Good news, psychologically unbalanced comedy fans!
Match up the perfect Trader Joe’s delicacies with the things bothering you most this week.
“Megyn Kelly” Moving to NBC : Turkey “Meatloaf Muffins”
It’s soooo cute! It’s a muffin! The mashed potatoes are the frosting, get it?! It’ll go down real easy on the same network that’s home to “The Celebrity Apprentice.” Nope, it’s still just a teeny lump of meatloaf. And one that insists that all kids should know that Santa can only be white, like those crusty ole mashed potatoes.
Anti-Abortion Legislation : Trader Joe’s Cage-Free Eggs
Before 2016 ended, Ohio governor John Kasich vetoed his state’s proposed “heartbeat” bill, which would prohibit abortions after about six weeks’ gestation, sooner than many women even realize they’re pregnant. Stop celebrating. It was only because he knew it wouldn’t fly–and was cool holding on to the current 20-week (no exceptions for rape or incest!), anti-woman, anti-Roe v. Wade agenda currently in place. For now. That vacant Supreme Court justice seat means it’s not over by a long shot, and 2017 will be hell for female reproductive systems.
On the flip side, the Trader Joe’s website tells us this: “In 2005, in response to valuable customer feedback, we made a change to have all Trader Joe’s brand eggs come only from cage-free hens.” Trader Joe’s made improving the quality of life for their female hens and their reproductive systems a priority 12 years ago.
Coincidentally, 2005 was also the year the “grab ‘em by the pussy” tape was filmed.
Russian Hacking : Steamed & Peeled Beets
Beets straight from the earth (at the farmers market) are the big, leafy, hairy balls of the vegetable section. Some would call them the most important vegetable in the world, nutritiously speaking. But–when they’re stripped and boiled and shrink wrapped, as they exist in the Trader Joe’s salad fixin’ section, the once-mighty beet is reduced to a tiny, unassuming thing. Next to that punchline of a veggie, kale. America used to be beets. Now we’re pretty much guaranteed to be pureed into Trader Иосиф’s Borscht.
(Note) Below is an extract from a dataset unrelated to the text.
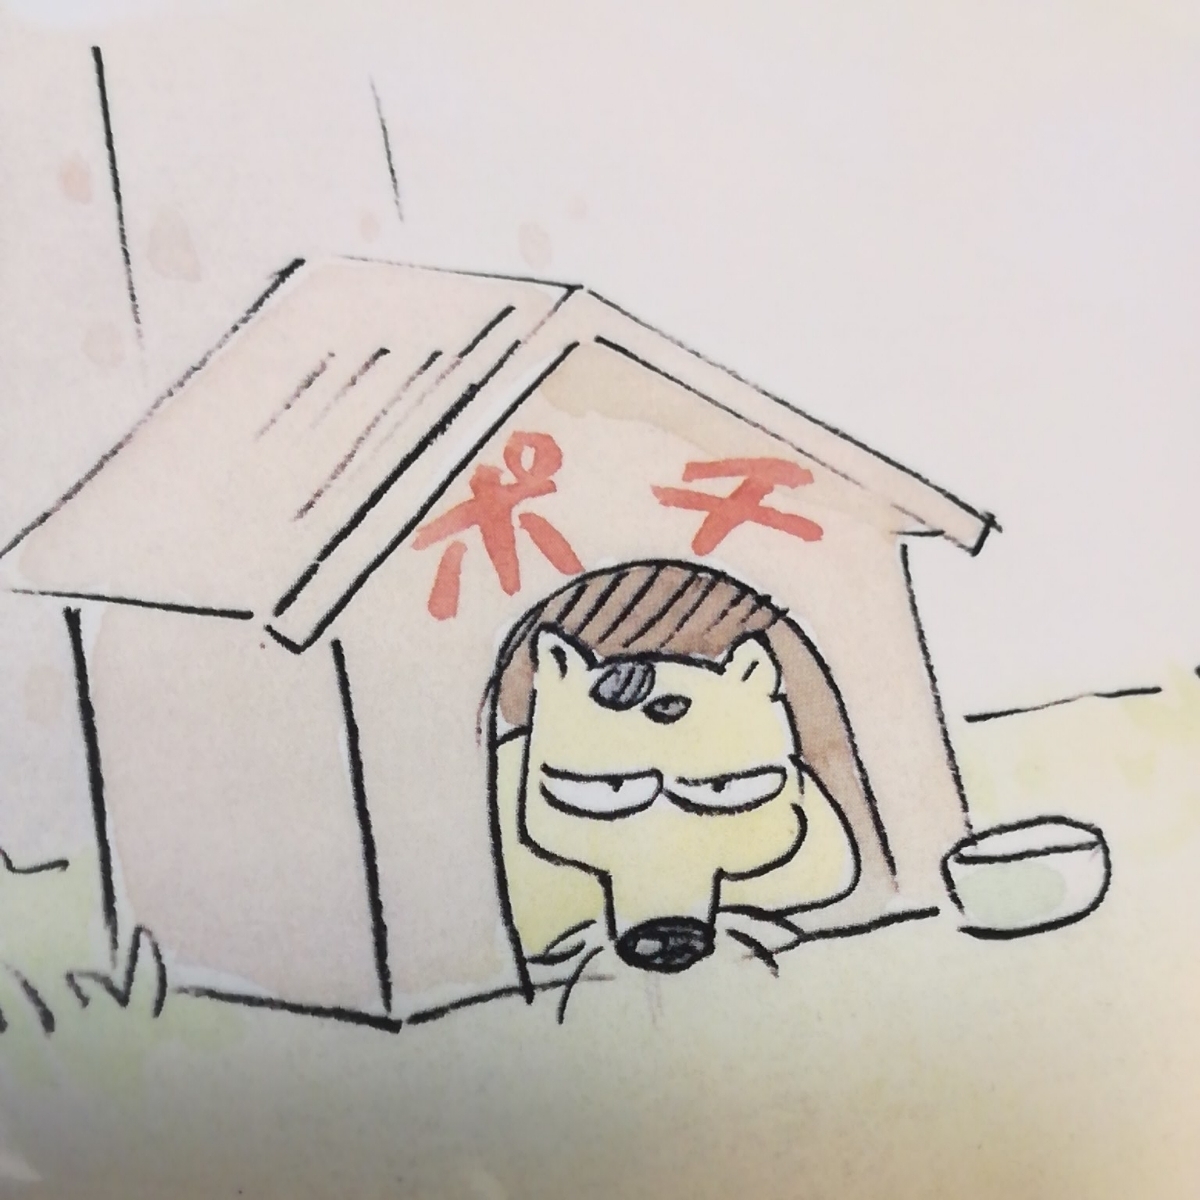 Comes in a protective bag [Original item] My Neighbor Yamada-kun Studio Ghibli Original Art Exhibition [Limited] Postcard.Layout exhibition.Original drawings.Cel drawings.Collector.Lots of Ghibli., comics, anime goods, hand drawn illustration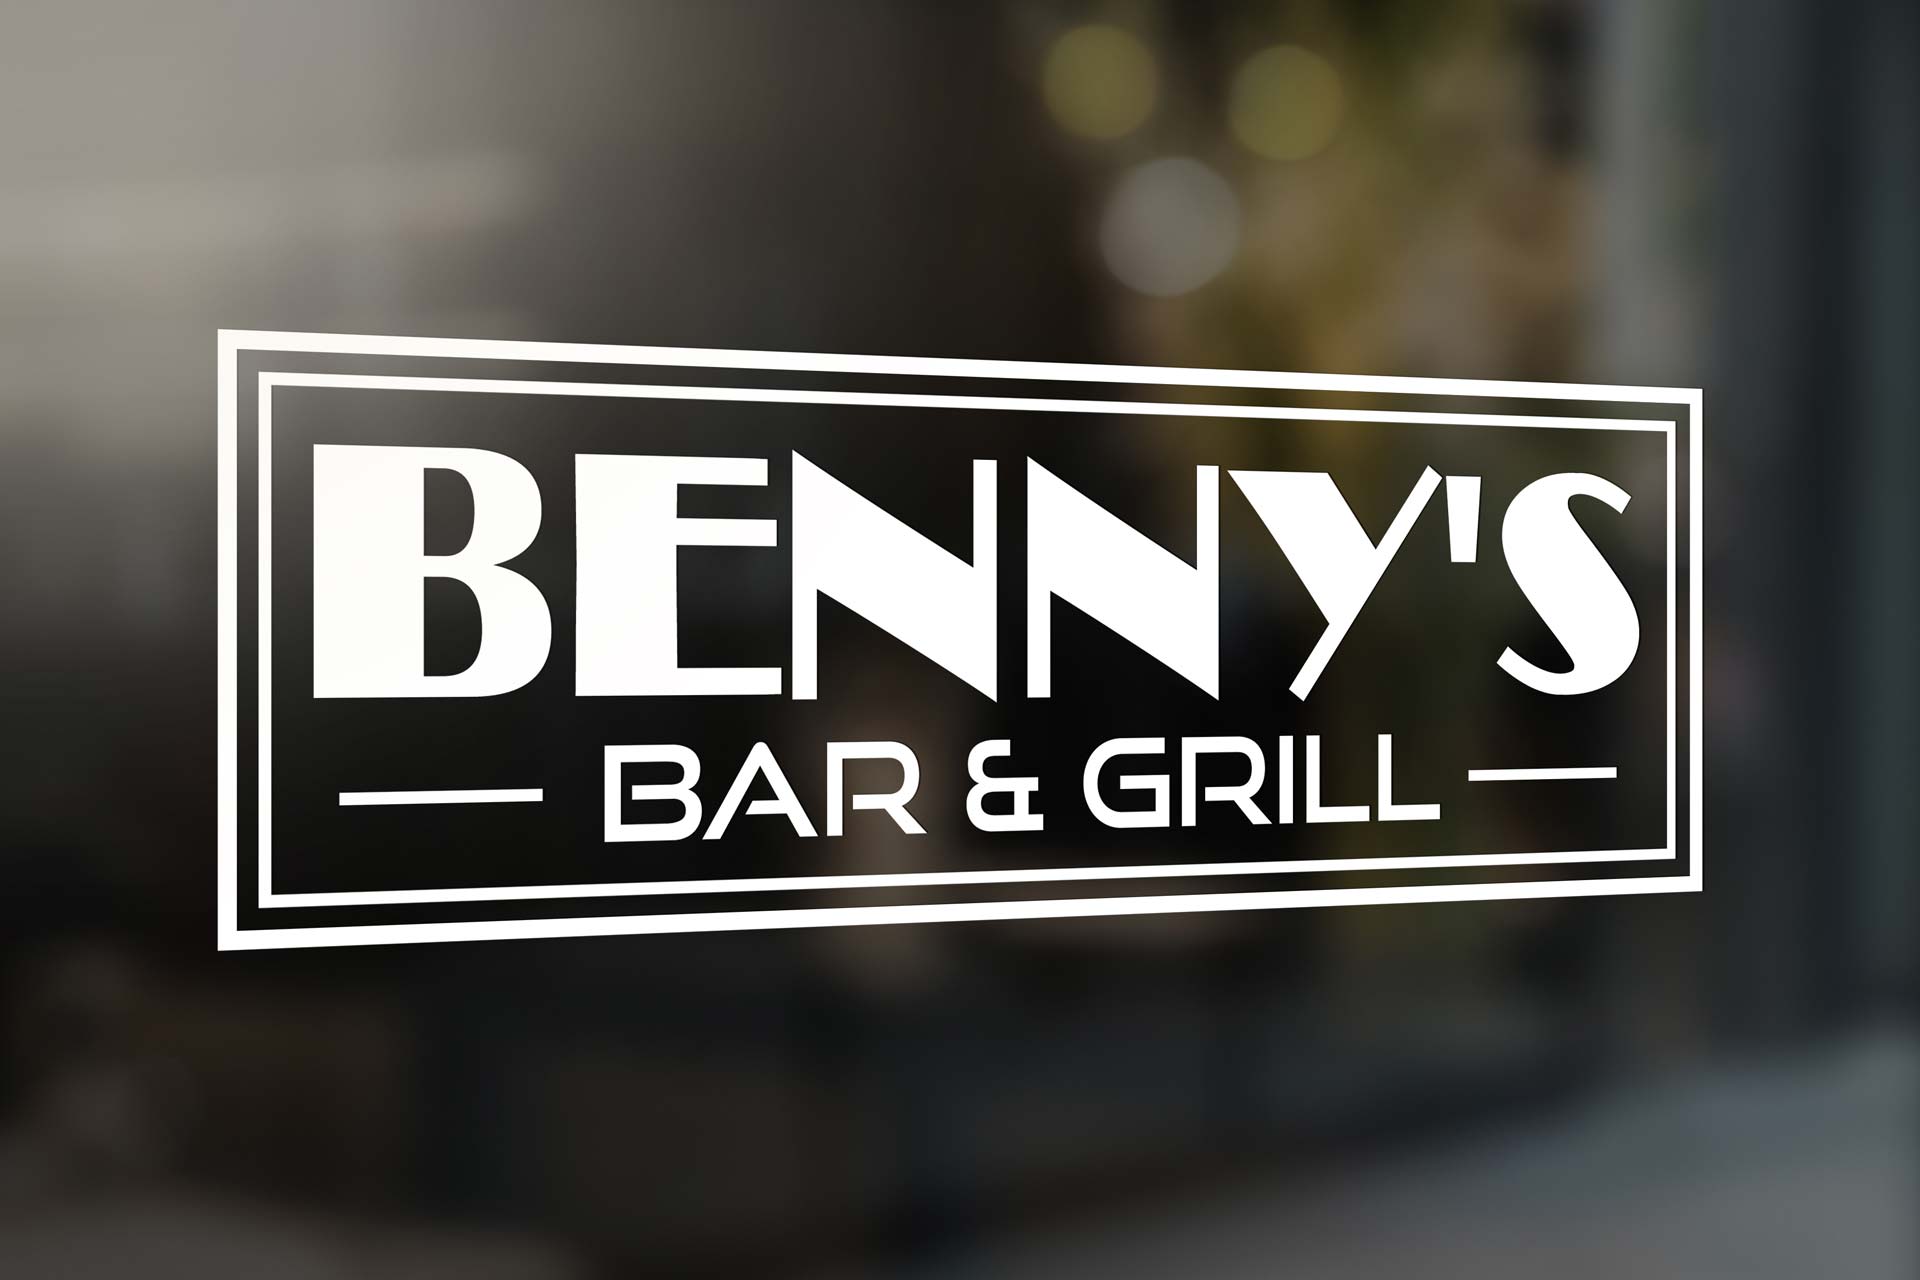 Benny's Bar & Grill Logo - David Gorham Design - Graphic Designer in

Milo Yiannopoulos’s Book Deal : Charles Shaw Merlot
A fancy name can’t hide the fact that you’re cheap, bitter…and you make people with good taste want to vomit after dealing with you for more than two sips. Or 140 characters.
Donald Trump’s Presidency : 1000 Day Gouda
Trump takes office at noon Eastern Standard Time on January 20th. Should his term last four years, that means he will turn over the job to his successor at noon on January 20th, 2021. That’s 1461 days of being your (or not your) president.
Now, there’s a few ways you could do this, cheese-wise. You could get two 1000 Day Goudas and have about half left over at the end, or just get one Gouda, plus four of the Trader Joe’s Raw Milk Aged Cheddar, which only ripens for 120 days and will get you closer to the accurate total. To put that in perspective, only 117 days will have passed from the day of the first Trump/Clinton debate (“I have a winning temperament”) until his swearing in to the highest office in the land. Also, you’d need 30,000 1000 Day Goudas if you wanted to represent one day of aged Dutch cheese for each popular vote Hillary Clinton won by.
Any way you slice it, it’s really hard to swallow.